NVIDIA has contributed the NVIDIA GB200 NVL72 designs to the Open Compute Project, enhancing the utility of design standards for modern data centers. This contribution aims to meet the high compute density demands of AI applications while reducing costs and implementation time for new data centers.

What You'll Learn

1

How to leverage NVIDIA GB200 NVL72 designs for high compute density data centers

2

Why NVLink and NVSwitch are critical for GPU communication in AI applications

3

How to implement liquid cooling solutions in high-performance computing environments

Key Questions Answered

What are the benefits of the NVIDIA GB200 NVL72 designs for data centers?

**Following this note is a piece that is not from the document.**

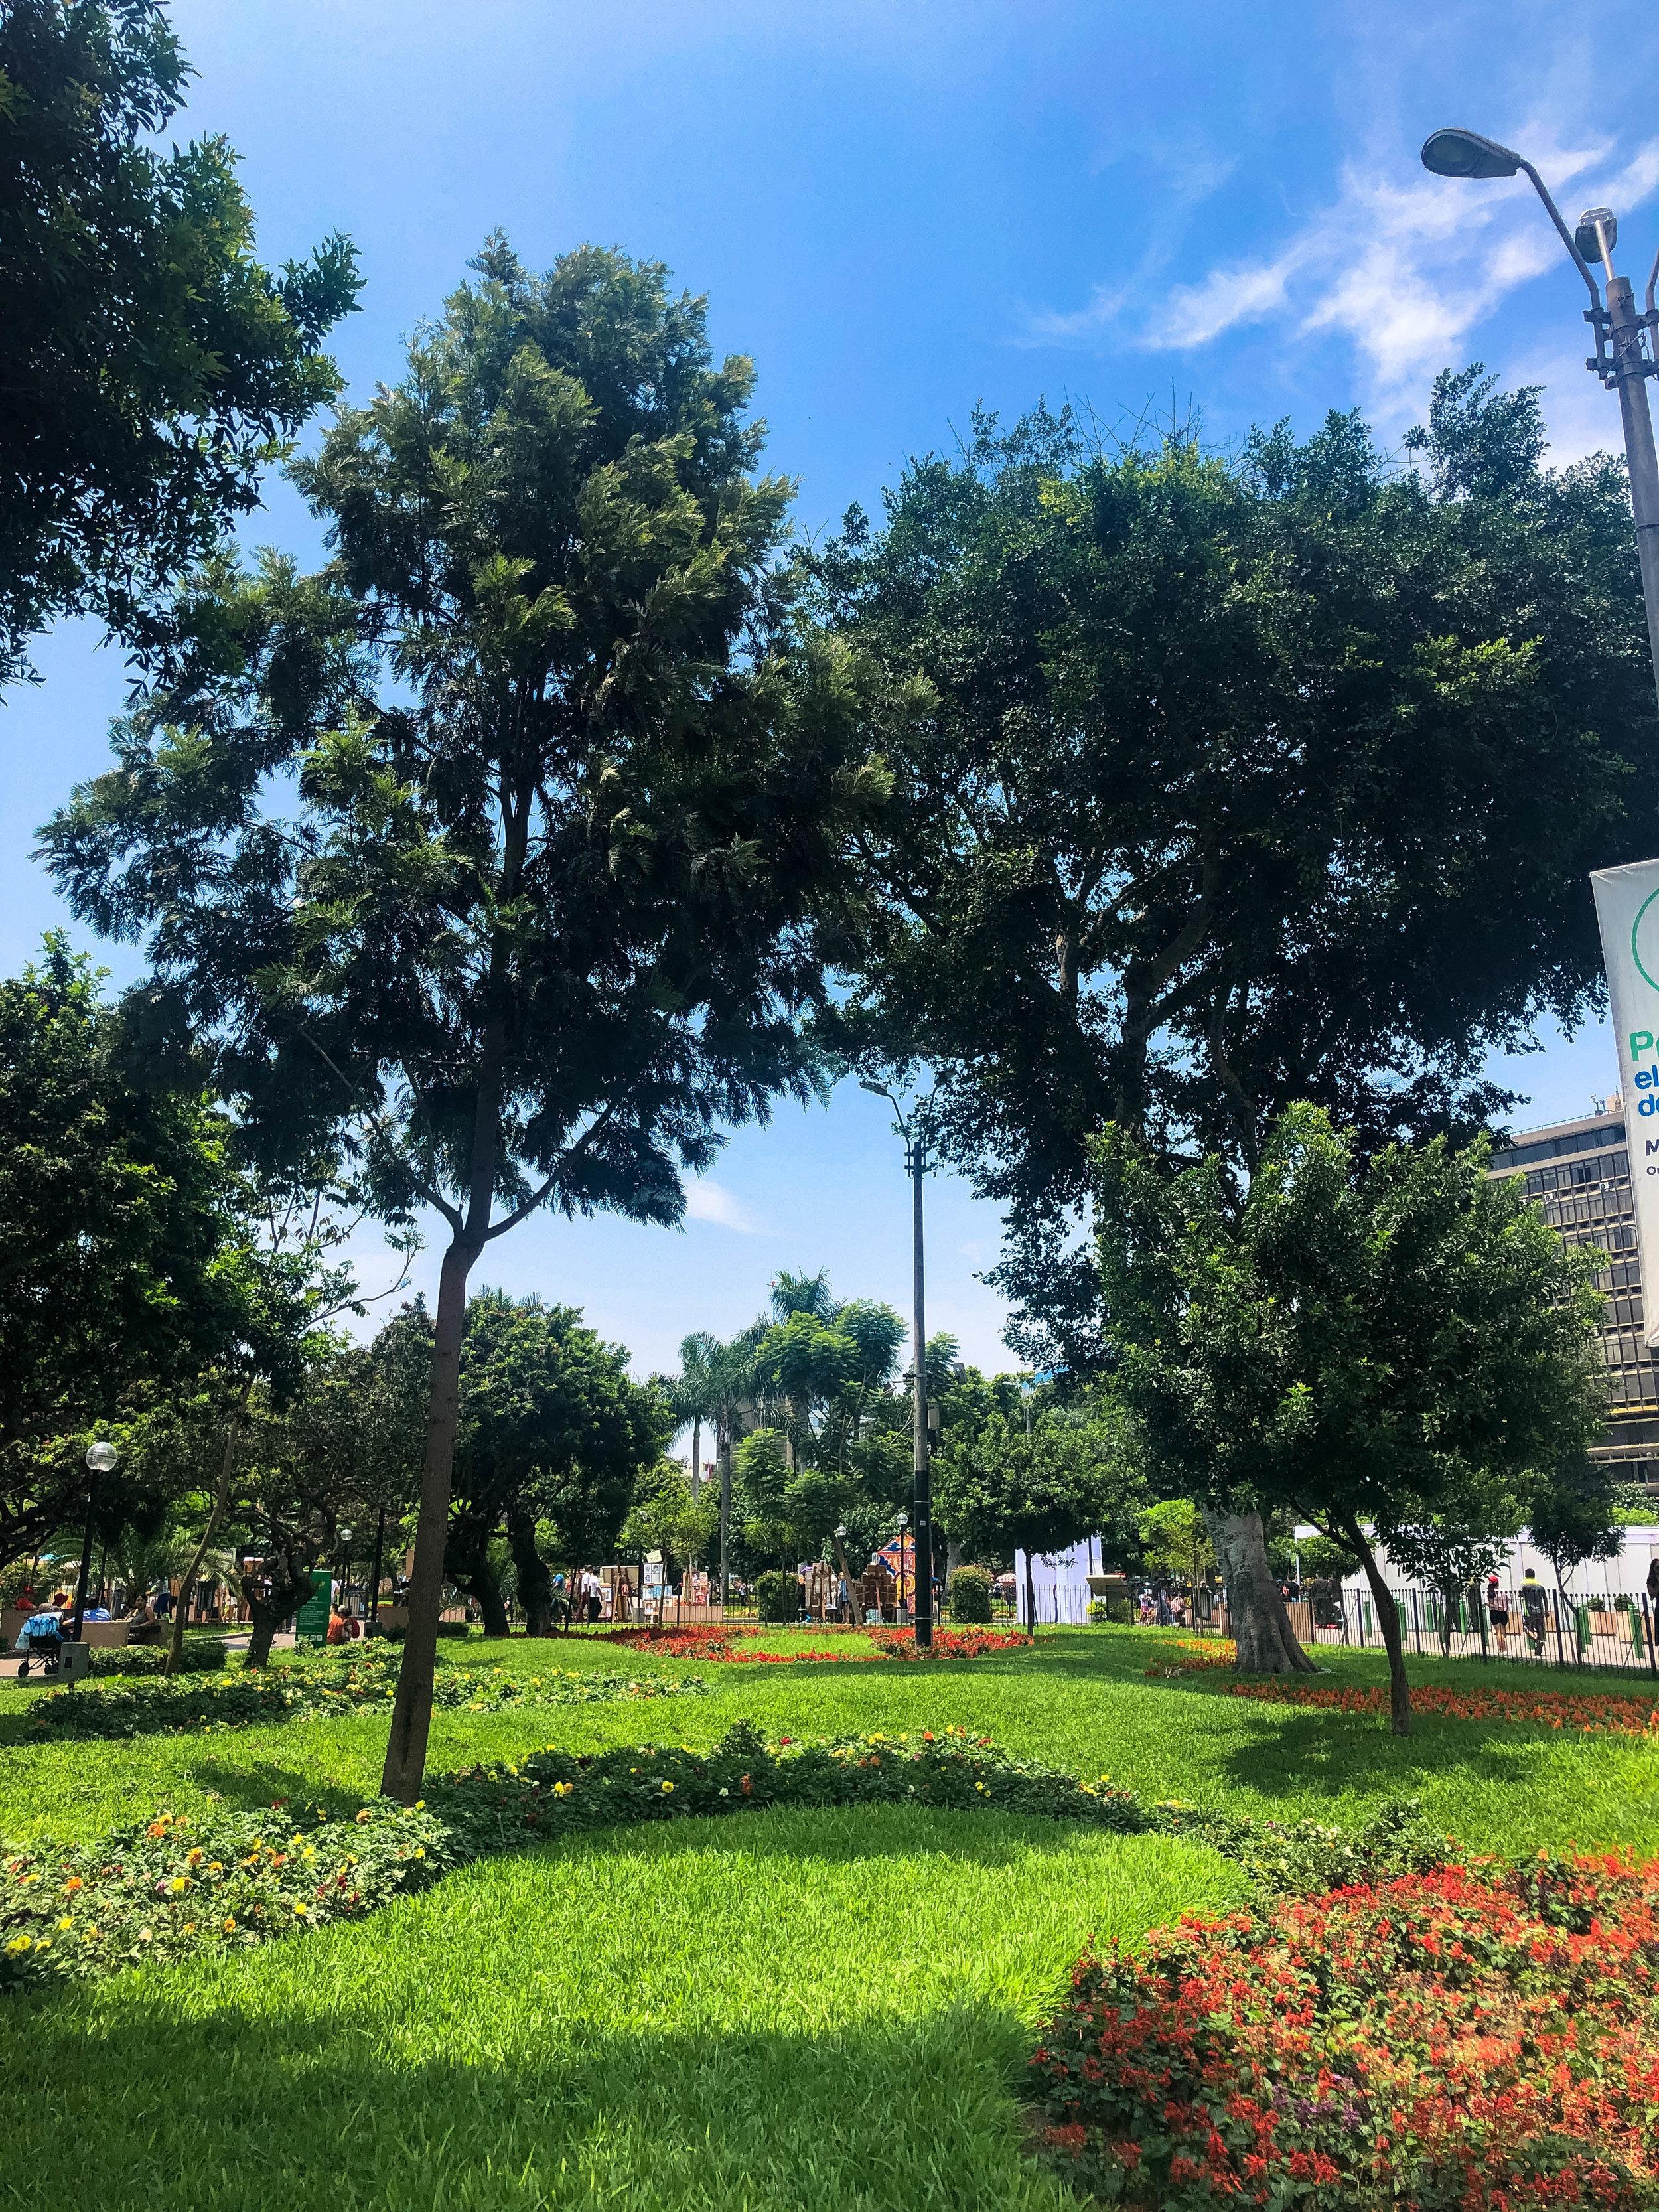 Parks in Miraflores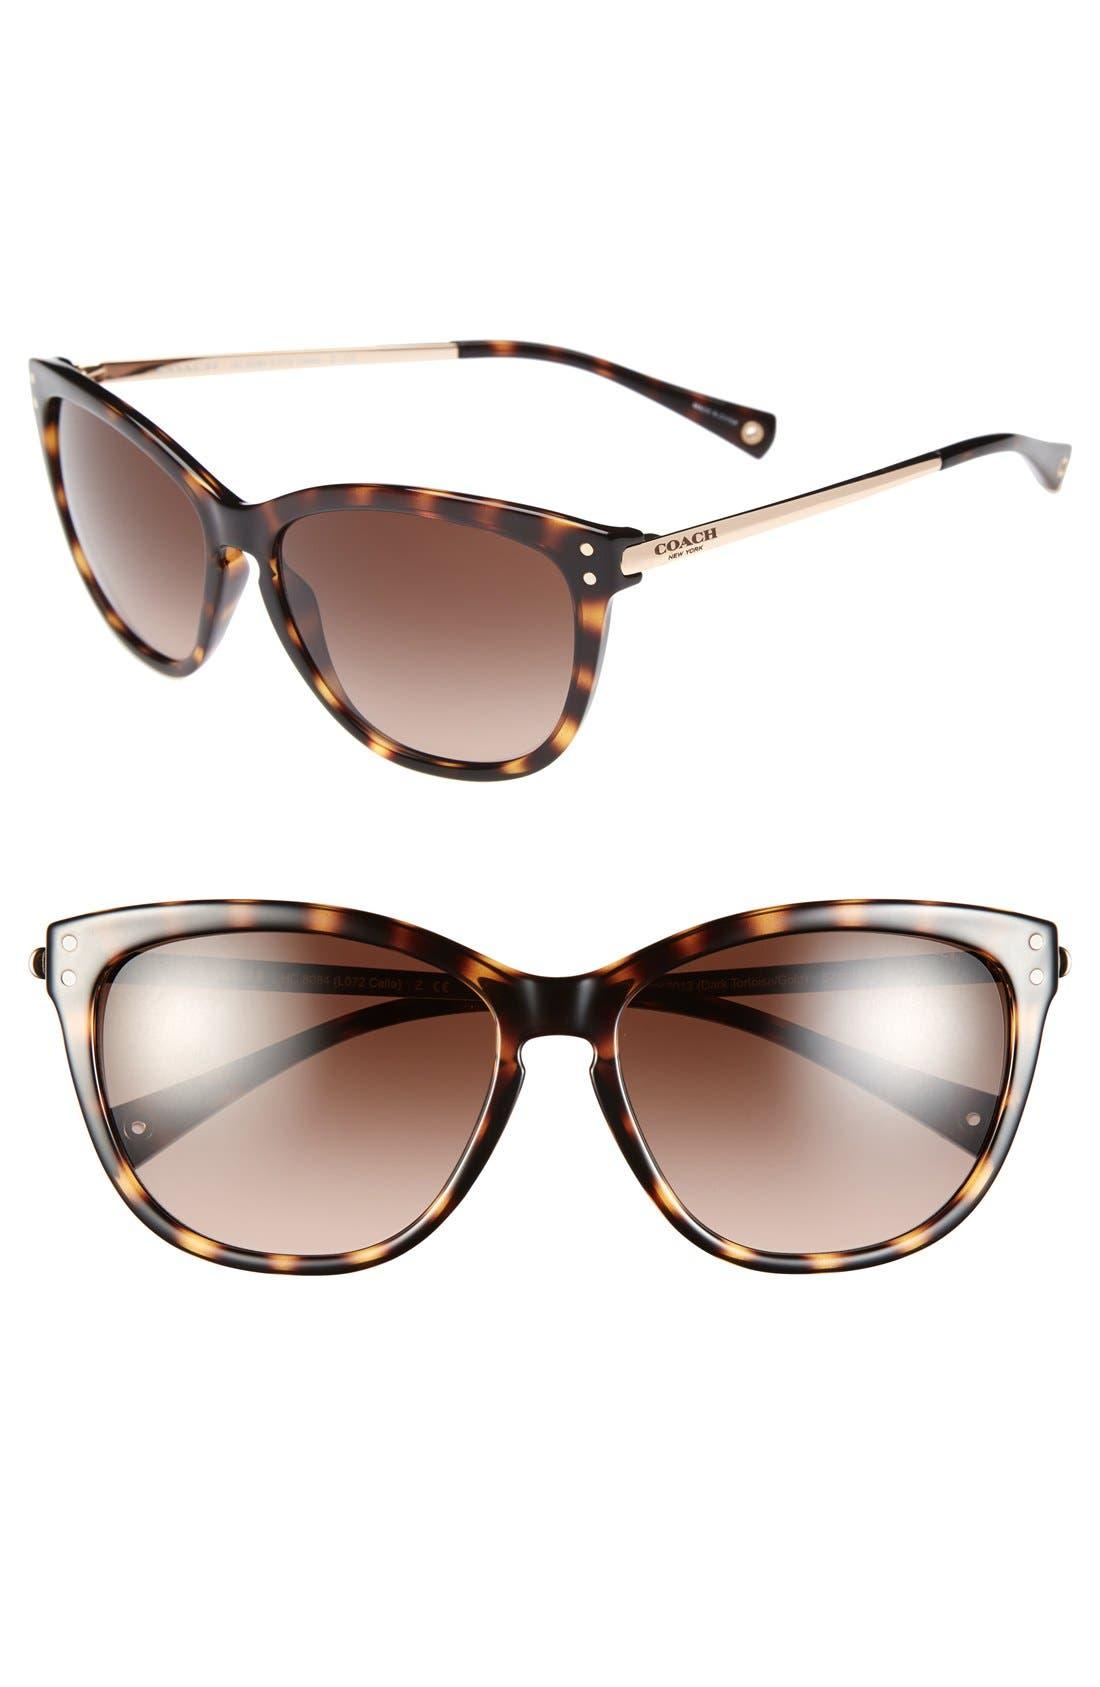 Main Image - COACH 'Celia' 57mm Cat Eye Sunglasses

The NVIDIA GB200 NVL72 designs enhance compute density, allowing data centers to support up to 72 NVIDIA Blackwell GPUs with a communication speed of 1.8 TB/s per GPU. This significantly improves training and inference capabilities for large AI models, reducing costs and implementation time.

How does the new reference architecture with Vertiv improve data center deployment?

The new joint reference architecture with Vertiv reduces implementation time for deploying NVIDIA Blackwell clusters by up to 50%. It eliminates the need for data centers to develop their own designs from scratch, leveraging Vertiv's expertise in efficient power and cooling solutions.

What modifications were made to the rack for the GB200 NVL72?

NVIDIA implemented several modifications to the rack, including adding over 100 lbs of steel reinforcements for stability, adapting designs to support 19” EIA gear, and incorporating blind mate slide rails for easier maintenance. These changes optimize space utilization and enhance structural integrity.

What is the significance of NVLink and NVSwitch in GPU communication?

NVLink and NVSwitch are designed to enhance GPU-to-GPU communication, reducing idle time and increasing throughput. The GB200 NVL72 design allows for a communication speed of 1.8 TB/s per GPU, which is crucial for efficiently training large AI models across GPU clusters.

Key Statistics & Figures

GPU communication speed

1.8 TB/s

This speed is achieved per GPU in the NVLink domain of the GB200 NVL72 design.

Maximum number of GPUs in NVLink domain

72

The GB200 NVL72 design allows for up to 72 NVIDIA Blackwell GPUs to be interconnected.

Reduction in implementation time

up to 50%

This reduction is achieved through the new joint reference architecture with Vertiv.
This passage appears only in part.